----- Data shown

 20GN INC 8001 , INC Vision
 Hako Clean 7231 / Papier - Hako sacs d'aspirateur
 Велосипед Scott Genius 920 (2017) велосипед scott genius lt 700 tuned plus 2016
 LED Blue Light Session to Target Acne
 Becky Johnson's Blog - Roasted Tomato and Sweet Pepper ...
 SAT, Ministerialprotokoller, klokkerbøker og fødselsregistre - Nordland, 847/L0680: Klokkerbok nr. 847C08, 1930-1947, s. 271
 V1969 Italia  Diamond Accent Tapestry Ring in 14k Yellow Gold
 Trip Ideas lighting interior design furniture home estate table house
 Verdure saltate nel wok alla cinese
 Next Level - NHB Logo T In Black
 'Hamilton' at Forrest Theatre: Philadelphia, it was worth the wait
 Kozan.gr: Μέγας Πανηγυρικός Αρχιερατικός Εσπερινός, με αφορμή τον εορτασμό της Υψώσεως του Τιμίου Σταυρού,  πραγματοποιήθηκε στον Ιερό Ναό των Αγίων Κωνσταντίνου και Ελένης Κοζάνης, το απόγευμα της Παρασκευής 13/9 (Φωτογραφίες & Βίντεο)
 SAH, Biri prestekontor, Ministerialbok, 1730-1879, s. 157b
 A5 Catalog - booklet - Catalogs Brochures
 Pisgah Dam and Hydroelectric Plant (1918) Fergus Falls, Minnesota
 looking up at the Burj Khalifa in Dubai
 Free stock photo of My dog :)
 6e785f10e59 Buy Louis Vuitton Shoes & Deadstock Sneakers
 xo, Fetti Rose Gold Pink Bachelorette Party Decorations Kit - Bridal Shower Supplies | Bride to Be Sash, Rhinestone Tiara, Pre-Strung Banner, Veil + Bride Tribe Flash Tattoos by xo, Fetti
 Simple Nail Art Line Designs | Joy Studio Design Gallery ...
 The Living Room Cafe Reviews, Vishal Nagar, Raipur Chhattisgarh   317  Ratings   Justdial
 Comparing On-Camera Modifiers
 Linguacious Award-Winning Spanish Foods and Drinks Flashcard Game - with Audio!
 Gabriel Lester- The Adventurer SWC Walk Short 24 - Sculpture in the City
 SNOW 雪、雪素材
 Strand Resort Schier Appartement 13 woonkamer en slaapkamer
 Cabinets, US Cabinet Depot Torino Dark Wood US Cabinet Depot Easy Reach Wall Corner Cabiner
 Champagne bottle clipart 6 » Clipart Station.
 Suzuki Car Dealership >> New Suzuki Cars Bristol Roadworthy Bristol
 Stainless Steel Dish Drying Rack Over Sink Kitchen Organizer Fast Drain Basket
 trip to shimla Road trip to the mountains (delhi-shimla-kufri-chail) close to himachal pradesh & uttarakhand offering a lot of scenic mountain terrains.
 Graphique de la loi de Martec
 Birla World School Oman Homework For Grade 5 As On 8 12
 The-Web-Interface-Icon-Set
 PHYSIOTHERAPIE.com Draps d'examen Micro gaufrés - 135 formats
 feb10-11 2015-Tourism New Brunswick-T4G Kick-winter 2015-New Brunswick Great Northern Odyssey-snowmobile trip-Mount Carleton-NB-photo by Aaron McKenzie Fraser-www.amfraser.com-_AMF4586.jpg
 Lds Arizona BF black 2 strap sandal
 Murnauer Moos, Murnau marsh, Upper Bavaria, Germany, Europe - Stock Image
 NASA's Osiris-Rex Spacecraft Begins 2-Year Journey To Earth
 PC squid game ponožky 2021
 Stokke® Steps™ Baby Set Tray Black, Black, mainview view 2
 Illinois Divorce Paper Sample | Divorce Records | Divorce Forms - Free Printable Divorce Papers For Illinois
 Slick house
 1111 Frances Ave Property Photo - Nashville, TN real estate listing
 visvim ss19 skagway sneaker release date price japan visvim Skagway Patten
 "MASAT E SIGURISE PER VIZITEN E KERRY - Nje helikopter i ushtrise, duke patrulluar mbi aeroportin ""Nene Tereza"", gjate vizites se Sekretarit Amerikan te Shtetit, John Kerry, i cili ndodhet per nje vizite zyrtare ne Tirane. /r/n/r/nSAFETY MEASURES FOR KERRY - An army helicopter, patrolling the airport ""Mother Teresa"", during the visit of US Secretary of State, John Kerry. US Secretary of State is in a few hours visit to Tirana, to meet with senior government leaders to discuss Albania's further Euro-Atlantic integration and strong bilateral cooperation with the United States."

----------

Task goal
Given the data above, transcribe exactly the lines from the one containing "Murnauer Moos, Murnau" down to the one containing "visvim ss19 skagway", and no others.

Exercise output
 Murnauer Moos, Murnau marsh, Upper Bavaria, Germany, Europe - Stock Image
 NASA's Osiris-Rex Spacecraft Begins 2-Year Journey To Earth
 PC squid game ponožky 2021
 Stokke® Steps™ Baby Set Tray Black, Black, mainview view 2
 Illinois Divorce Paper Sample | Divorce Records | Divorce Forms - Free Printable Divorce Papers For Illinois
 Slick house
 1111 Frances Ave Property Photo - Nashville, TN real estate listing
 visvim ss19 skagway sneaker release date price japan visvim Skagway Patten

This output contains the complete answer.